THE UNITED STATES OLYMPIC COMMITTEE
The United States Olympic Committee, one of America's premier sports organizations, is headquartered in Colorado Springs, Colo.
In 1978, the passage of The Amateur Sports Act (now The Ted Stevens Olympic and Amateur Sports Act - revised in 1998) as federal law appointed the U.S. Olympic Committee as the coordinating body for all Olympic-related athletic activity in the United States. The vision of the USOC is to enable America's athletes to realize their Olympic and Paralympic dreams.

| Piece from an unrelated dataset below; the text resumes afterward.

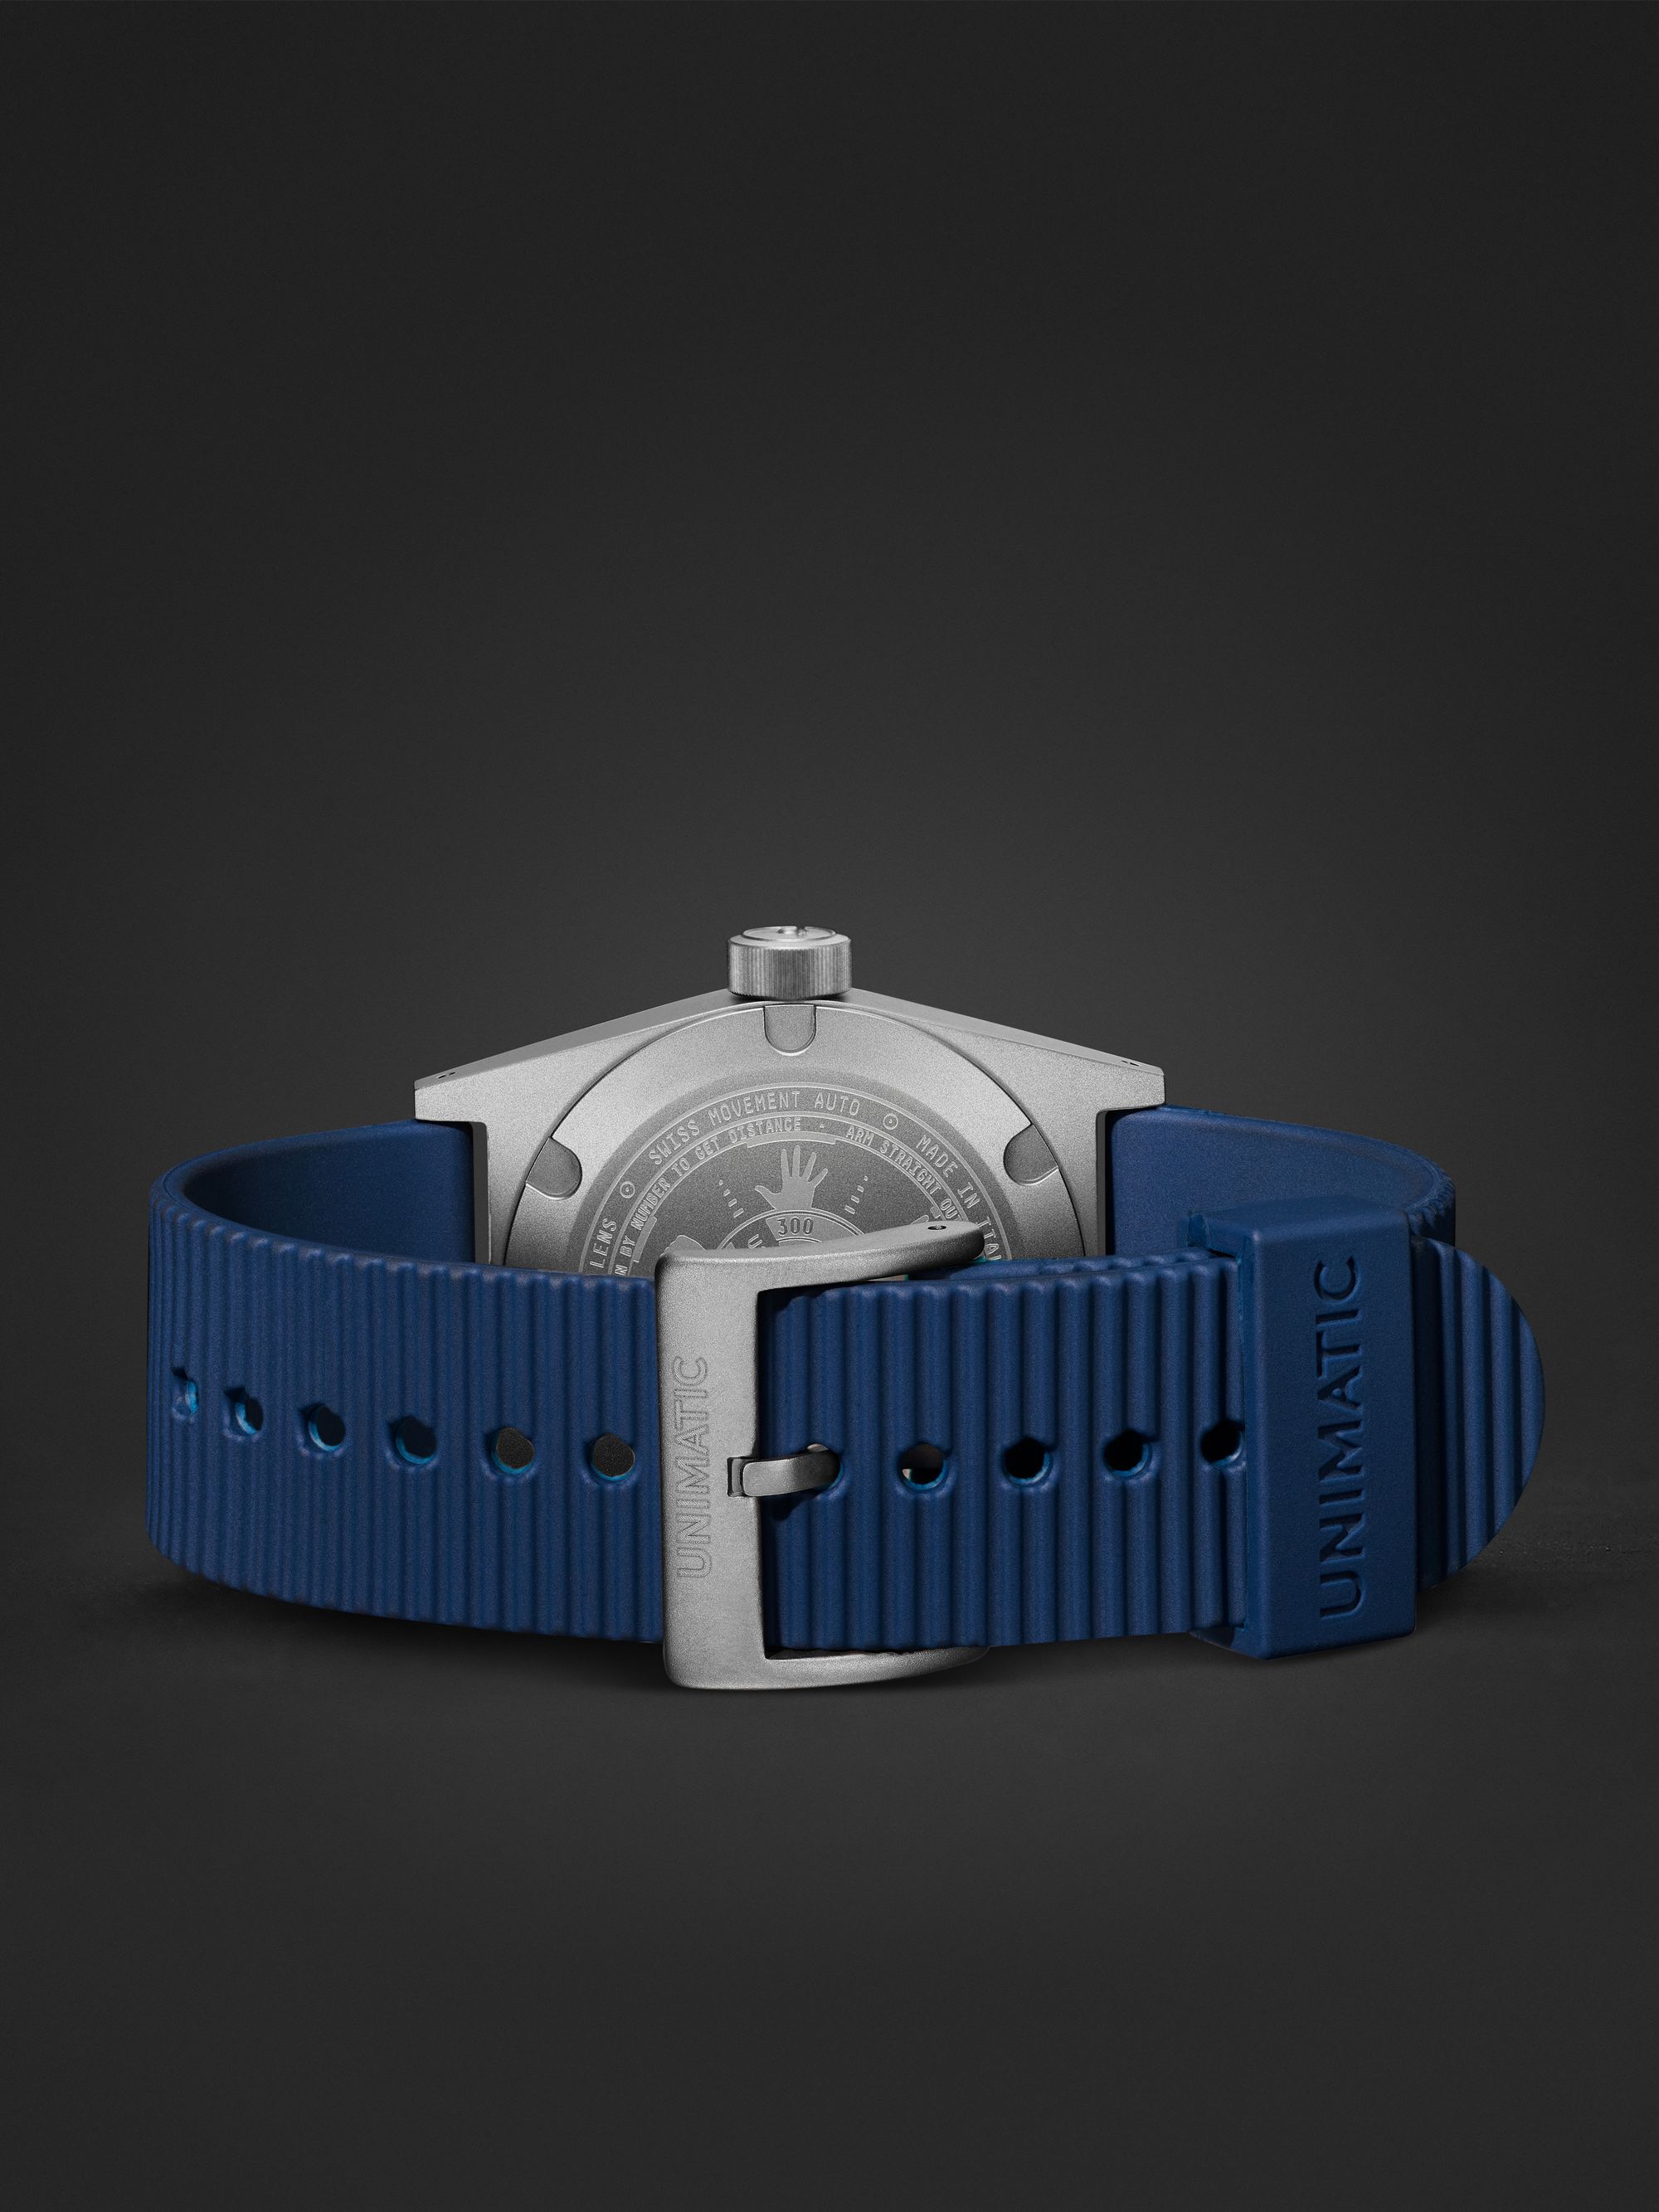 UNIMATIC Model Two Limited Edition Automatic 38mm Titanium and TPU Watch, Ref. No. U2S-T-MP

The USOC is recognized by the International Olympic Committee as the sole entity in the United States whose mission involves training, entering and underwriting the full expenses for the U.S. teams in the Olympic, Paralympic, Pan American and Parapan American Games. In addition to being the steward of the U.S. Olympic Movement, the USOC is the moving force for support of sports in the United States that are on the program of the Olympic, Paralympic, Pan American and Parapan American Games.
The U.S. Olympic Committee also oversees the process by which U.S. cities seek to be selected as a Candidate City to host the Olympic and Paralympic Games, winter or summer, or the Pan American Games. In addition, the USOC approves the U.S. trial sites for the Olympic, Paralympic and Pan American Games team selections.